**EXERCISE DIRECTIONS:** Please repeat the records exactly from their first line, finishing at the line containing "Col Louis Arthur" and including it.

**INFORMATION PROVIDED:**
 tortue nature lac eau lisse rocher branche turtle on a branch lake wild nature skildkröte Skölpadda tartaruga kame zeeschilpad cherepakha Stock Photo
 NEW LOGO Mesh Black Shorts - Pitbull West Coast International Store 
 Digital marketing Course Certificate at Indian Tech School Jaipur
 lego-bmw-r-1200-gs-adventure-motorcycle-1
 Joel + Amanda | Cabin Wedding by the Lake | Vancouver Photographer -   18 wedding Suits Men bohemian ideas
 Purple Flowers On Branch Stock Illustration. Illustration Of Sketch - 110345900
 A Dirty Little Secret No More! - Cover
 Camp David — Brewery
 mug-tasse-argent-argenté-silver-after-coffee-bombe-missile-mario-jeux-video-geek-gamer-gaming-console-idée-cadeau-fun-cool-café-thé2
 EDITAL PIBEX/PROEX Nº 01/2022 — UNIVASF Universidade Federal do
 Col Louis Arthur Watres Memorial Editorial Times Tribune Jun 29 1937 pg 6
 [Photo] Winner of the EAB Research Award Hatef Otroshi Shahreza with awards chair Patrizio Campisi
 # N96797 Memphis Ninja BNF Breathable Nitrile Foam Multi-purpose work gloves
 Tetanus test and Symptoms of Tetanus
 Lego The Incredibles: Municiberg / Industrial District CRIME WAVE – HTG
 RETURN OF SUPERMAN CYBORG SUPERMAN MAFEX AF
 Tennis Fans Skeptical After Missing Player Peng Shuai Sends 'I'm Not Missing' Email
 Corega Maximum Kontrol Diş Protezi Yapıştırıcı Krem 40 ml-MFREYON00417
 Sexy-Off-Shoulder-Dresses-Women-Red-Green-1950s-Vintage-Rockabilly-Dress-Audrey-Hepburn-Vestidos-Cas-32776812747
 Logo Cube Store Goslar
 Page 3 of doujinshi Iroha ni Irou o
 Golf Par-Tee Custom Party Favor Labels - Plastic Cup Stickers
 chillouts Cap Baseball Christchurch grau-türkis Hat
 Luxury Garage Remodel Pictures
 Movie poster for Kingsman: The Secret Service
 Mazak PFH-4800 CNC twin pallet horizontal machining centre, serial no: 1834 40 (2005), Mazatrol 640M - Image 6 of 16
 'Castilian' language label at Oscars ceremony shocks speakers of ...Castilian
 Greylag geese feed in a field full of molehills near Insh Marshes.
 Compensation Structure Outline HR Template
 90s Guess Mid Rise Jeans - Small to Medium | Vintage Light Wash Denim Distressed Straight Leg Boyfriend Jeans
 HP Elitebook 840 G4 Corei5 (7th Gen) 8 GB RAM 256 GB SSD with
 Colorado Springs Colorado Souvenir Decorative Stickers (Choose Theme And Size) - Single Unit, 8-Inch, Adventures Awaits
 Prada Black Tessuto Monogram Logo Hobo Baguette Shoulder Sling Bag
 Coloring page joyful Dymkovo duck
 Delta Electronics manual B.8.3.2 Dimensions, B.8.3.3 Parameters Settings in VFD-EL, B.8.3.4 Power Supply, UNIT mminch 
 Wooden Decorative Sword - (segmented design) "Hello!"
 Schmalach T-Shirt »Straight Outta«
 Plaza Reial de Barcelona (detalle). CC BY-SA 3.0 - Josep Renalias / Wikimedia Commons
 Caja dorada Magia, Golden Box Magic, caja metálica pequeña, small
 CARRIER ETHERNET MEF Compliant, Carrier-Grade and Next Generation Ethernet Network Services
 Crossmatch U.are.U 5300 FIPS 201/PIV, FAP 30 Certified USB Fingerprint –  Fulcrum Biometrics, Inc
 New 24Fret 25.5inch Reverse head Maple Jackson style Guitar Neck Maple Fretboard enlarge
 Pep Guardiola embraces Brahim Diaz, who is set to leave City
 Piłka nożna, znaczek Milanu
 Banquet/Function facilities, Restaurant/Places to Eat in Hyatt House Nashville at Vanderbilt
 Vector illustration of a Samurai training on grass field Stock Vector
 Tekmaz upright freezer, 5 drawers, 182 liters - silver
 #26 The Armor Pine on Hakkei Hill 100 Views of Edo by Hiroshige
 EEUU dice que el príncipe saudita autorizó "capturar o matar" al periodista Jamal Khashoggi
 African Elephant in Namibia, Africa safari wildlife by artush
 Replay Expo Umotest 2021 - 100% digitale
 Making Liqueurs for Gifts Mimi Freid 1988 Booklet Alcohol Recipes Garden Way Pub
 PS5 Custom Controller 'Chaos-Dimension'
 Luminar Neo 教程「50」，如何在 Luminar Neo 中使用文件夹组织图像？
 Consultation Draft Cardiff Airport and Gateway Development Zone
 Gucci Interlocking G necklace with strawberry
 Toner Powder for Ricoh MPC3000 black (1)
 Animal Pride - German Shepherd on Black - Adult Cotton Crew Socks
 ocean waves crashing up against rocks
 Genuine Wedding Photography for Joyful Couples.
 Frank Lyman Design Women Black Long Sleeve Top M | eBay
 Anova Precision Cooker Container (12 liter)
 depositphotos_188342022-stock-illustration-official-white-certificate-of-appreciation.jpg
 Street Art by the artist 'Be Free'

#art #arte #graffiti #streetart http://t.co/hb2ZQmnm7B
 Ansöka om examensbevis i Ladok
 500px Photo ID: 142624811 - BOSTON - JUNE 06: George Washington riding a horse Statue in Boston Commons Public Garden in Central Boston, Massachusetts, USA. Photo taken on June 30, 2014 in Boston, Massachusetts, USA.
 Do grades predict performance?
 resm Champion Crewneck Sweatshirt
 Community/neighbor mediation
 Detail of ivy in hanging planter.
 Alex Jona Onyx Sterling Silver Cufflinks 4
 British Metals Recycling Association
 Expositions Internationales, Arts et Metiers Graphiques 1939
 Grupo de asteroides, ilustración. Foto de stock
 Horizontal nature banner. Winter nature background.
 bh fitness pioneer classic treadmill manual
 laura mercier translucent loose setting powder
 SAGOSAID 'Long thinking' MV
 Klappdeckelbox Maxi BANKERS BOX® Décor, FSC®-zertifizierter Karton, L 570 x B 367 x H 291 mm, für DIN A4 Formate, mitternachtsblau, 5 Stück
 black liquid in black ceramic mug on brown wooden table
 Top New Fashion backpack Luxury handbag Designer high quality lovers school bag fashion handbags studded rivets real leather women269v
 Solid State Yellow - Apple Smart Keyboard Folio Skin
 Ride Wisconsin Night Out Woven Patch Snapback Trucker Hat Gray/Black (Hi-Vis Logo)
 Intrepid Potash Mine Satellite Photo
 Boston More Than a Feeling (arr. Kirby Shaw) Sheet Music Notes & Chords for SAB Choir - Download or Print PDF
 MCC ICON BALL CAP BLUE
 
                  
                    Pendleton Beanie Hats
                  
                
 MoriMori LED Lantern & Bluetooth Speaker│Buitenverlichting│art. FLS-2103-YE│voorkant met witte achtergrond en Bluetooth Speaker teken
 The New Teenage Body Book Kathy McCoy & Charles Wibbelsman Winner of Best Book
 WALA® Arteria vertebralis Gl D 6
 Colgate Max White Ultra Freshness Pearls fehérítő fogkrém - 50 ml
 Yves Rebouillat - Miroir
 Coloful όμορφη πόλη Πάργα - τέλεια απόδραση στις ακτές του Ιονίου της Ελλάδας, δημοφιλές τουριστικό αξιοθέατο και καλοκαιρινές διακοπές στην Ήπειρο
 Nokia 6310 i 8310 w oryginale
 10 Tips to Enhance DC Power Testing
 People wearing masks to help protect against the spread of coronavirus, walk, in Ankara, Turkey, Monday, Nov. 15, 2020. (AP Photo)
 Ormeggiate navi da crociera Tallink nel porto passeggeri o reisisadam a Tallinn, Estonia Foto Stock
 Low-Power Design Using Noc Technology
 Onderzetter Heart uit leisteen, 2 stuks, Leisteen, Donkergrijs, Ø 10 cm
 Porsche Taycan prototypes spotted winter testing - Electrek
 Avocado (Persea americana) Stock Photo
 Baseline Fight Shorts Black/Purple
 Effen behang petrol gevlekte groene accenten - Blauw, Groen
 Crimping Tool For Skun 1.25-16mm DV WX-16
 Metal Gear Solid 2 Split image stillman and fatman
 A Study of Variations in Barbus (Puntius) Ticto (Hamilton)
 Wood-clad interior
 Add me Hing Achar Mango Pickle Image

**SOLVED PROBLEM:**
 tortue nature lac eau lisse rocher branche turtle on a branch lake wild nature skildkröte Skölpadda tartaruga kame zeeschilpad cherepakha Stock Photo
 NEW LOGO Mesh Black Shorts - Pitbull West Coast International Store 
 Digital marketing Course Certificate at Indian Tech School Jaipur
 lego-bmw-r-1200-gs-adventure-motorcycle-1
 Joel + Amanda | Cabin Wedding by the Lake | Vancouver Photographer -   18 wedding Suits Men bohemian ideas
 Purple Flowers On Branch Stock Illustration. Illustration Of Sketch - 110345900
 A Dirty Little Secret No More! - Cover
 Camp David — Brewery
 mug-tasse-argent-argenté-silver-after-coffee-bombe-missile-mario-jeux-video-geek-gamer-gaming-console-idée-cadeau-fun-cool-café-thé2
 EDITAL PIBEX/PROEX Nº 01/2022 — UNIVASF Universidade Federal do
 Col Louis Arthur Watres Memorial Editorial Times Tribune Jun 29 1937 pg 6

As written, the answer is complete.